I dont know but its the best one ive ever seen


----------



## Mike1950 (Aug 11, 2013)

Screw top container to hold stick matches. Ya never want to have loose stick matches in your front pockets- accidental ignition is almost inevitable and end result is extremely unpleasant.


----------



## NYWoodturner (Aug 11, 2013)

I have to go with Mike - some sort of treen ware. I k ow Roman soldiers used to carry something similar to hold needles for sewing everything from hides to themselves


----------



## ripjack13 (Aug 11, 2013)

Mike1950 said:


> Screw top container to hold stick matches. Ya never want to have loose stick matches in your front pockets- accidental *ignition* is almost inevitable and end result is extremely unpleasant.
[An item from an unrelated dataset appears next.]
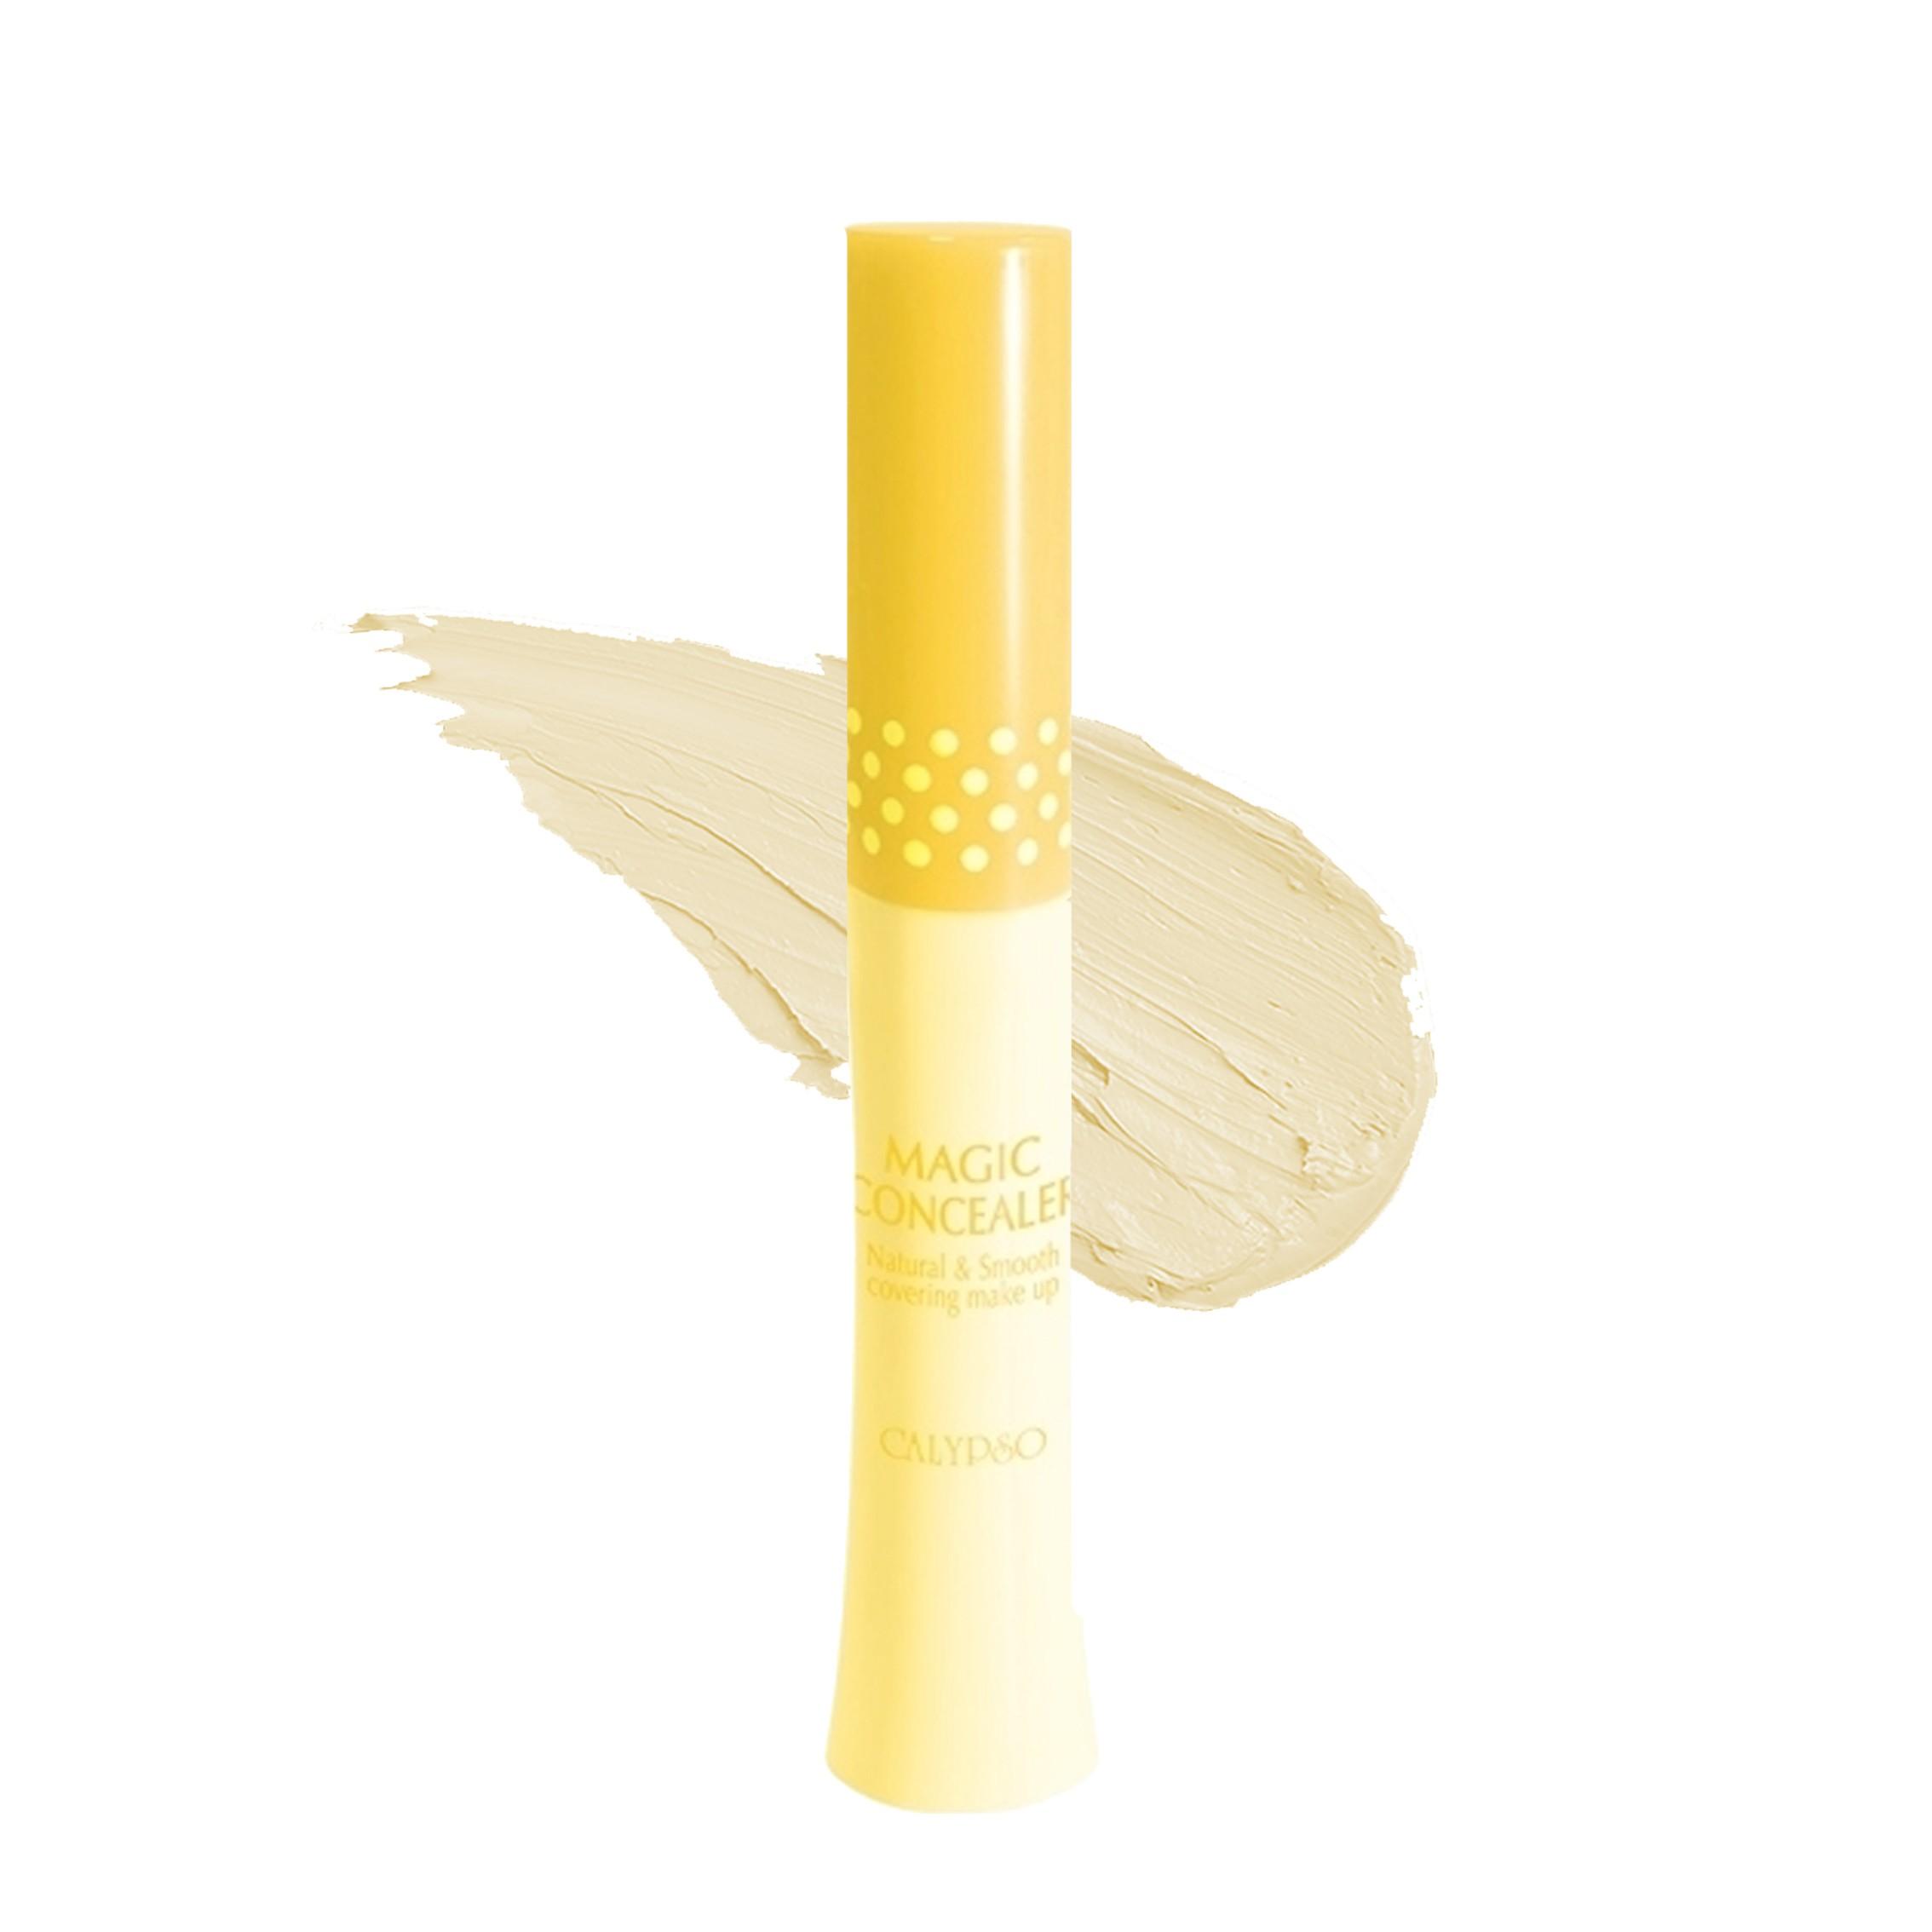 Calypso Magic Concealer Yellow Beige

You are on the right track...


getting warmer...


----------



## kazuma78 (Aug 11, 2013)

Tinder Box?


----------



## Mike Jones (Aug 11, 2013)

What it looks like to me is............no I can't say that on this site!:teethlaugh:


----------



## ripjack13 (Aug 11, 2013)

kazuma78 said:


> Tinder Box?



Close....

It's a fire piston. Simple to make, lasts long time, and everyone who goes out in the woods should have one. They are made with a wide variety of materials and shapes, and retail for $30 and up, but can be made for practically nothing. Here's a video on it...start it at 3:10 to get to the good stuff.






Here's some more info...
http://www.primitiveways.com/

Anyone interested in trying to make one?


----------



## kazuma78 (Aug 11, 2013)

Neat! You learn something new every day!


----------



## DKMD (Aug 11, 2013)

I thought it was a pessary... Wouldn't want to mix that up with something that starts fires!


----------



## Sprung (Aug 11, 2013)

Those are cool and impressive - I would love to have one someday, whether made for me or by me.


----------